Ruben has a common reaction to his predicament: FIX IT! His drug counselor sends him to a deaf community to learn how to be a deaf man, and Ruben is eventually successful at fitting in. But he has no intention of spending his life deaf. He wants to reclaim his old life traveling with his girlfriend in an RV on heavy metal tours. He wants cochlear implants.

The deaf community at large is divided on the subject of interventions. Some believe that a profoundly deaf person cannot meet potential in our greater society, and parents with this conviction rush to have deaf children surgically fitted with expensive implants. Cochlear implants restore a measure of hearing. Note the caveat “a measure.” Hearing doesn’t return to what hearing people deem normal. It’s barely functional. Likewise, after experiencing excessive noise earlier in life (for example, my husband was among those victimized by multiple gun reports on police firing ranges prior to mandated ear plugs), even sophisticated hearing aids fail to meet expectations as hearing loss worsens. The cacophony of crowds (including dinner parties and conferences) as well as the complexities of music present challenges that are still too much for modern technology—regardless of the claims of commercial hype.
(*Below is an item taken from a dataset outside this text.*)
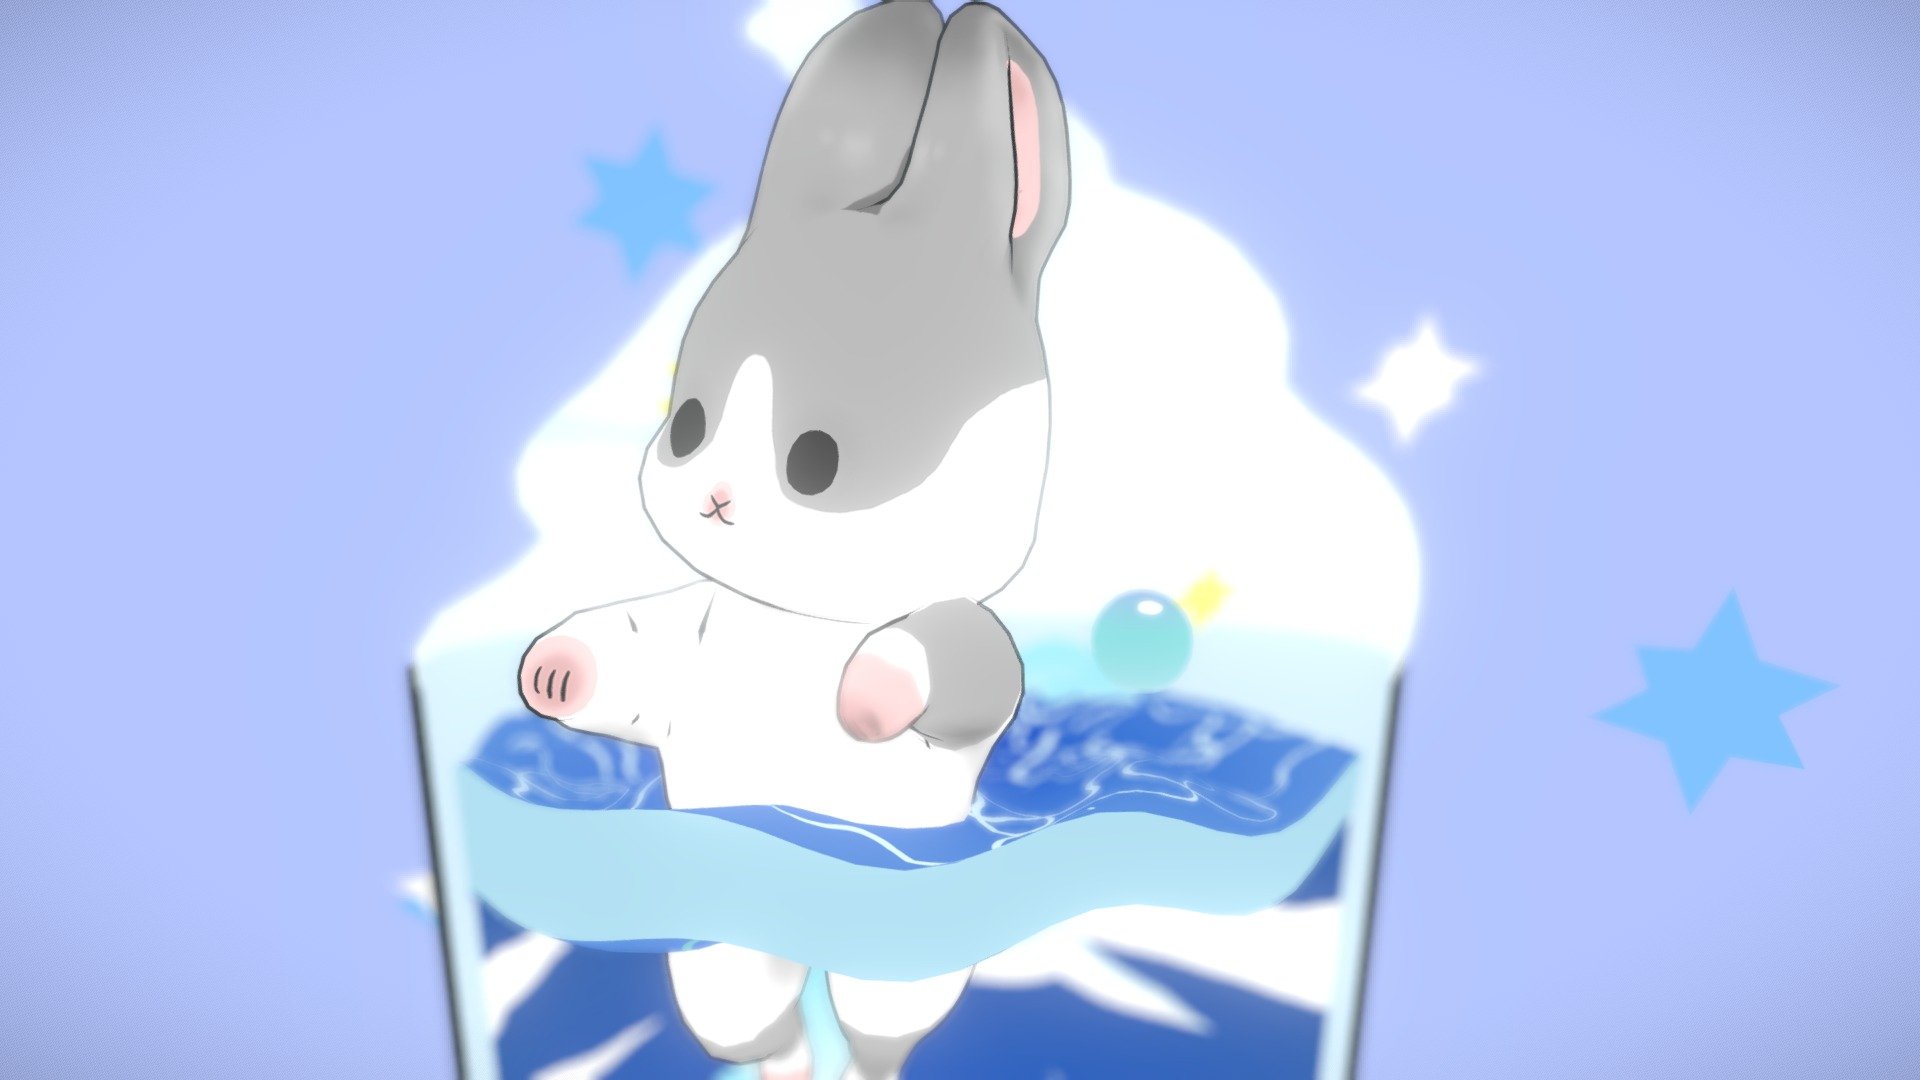 A fanart, Base on ↓↓↓↓↓↓↓↓↓↓↓↓↓
https://twitter.com/machiko324 - cute rabbit Machiko In Cup - 3D model by carlin.chu 3d model

The opposing faction of the deaf community believes people who don’t hear don’t require fixing. They have their own culture with their own social behavior. They note they’re blessed with opportunities for profound stillness denied to others. They readily communicate information and emotions among themselves with American Sign Language, and many read lips to accommodate one-on-one interactions with hearing people. A famous champion of their community is Marlee Matlin, an actor who has won numerous prestigious awards including an Oscar for her work. She defies anyone to say her life doesn’t meet potential.

Cultures that are foreign to us often possess benefits, limitations, and qualities we can’t fully comprehend because we aren’t there. When we remember that fact, we can be more respectful, if not empathetic.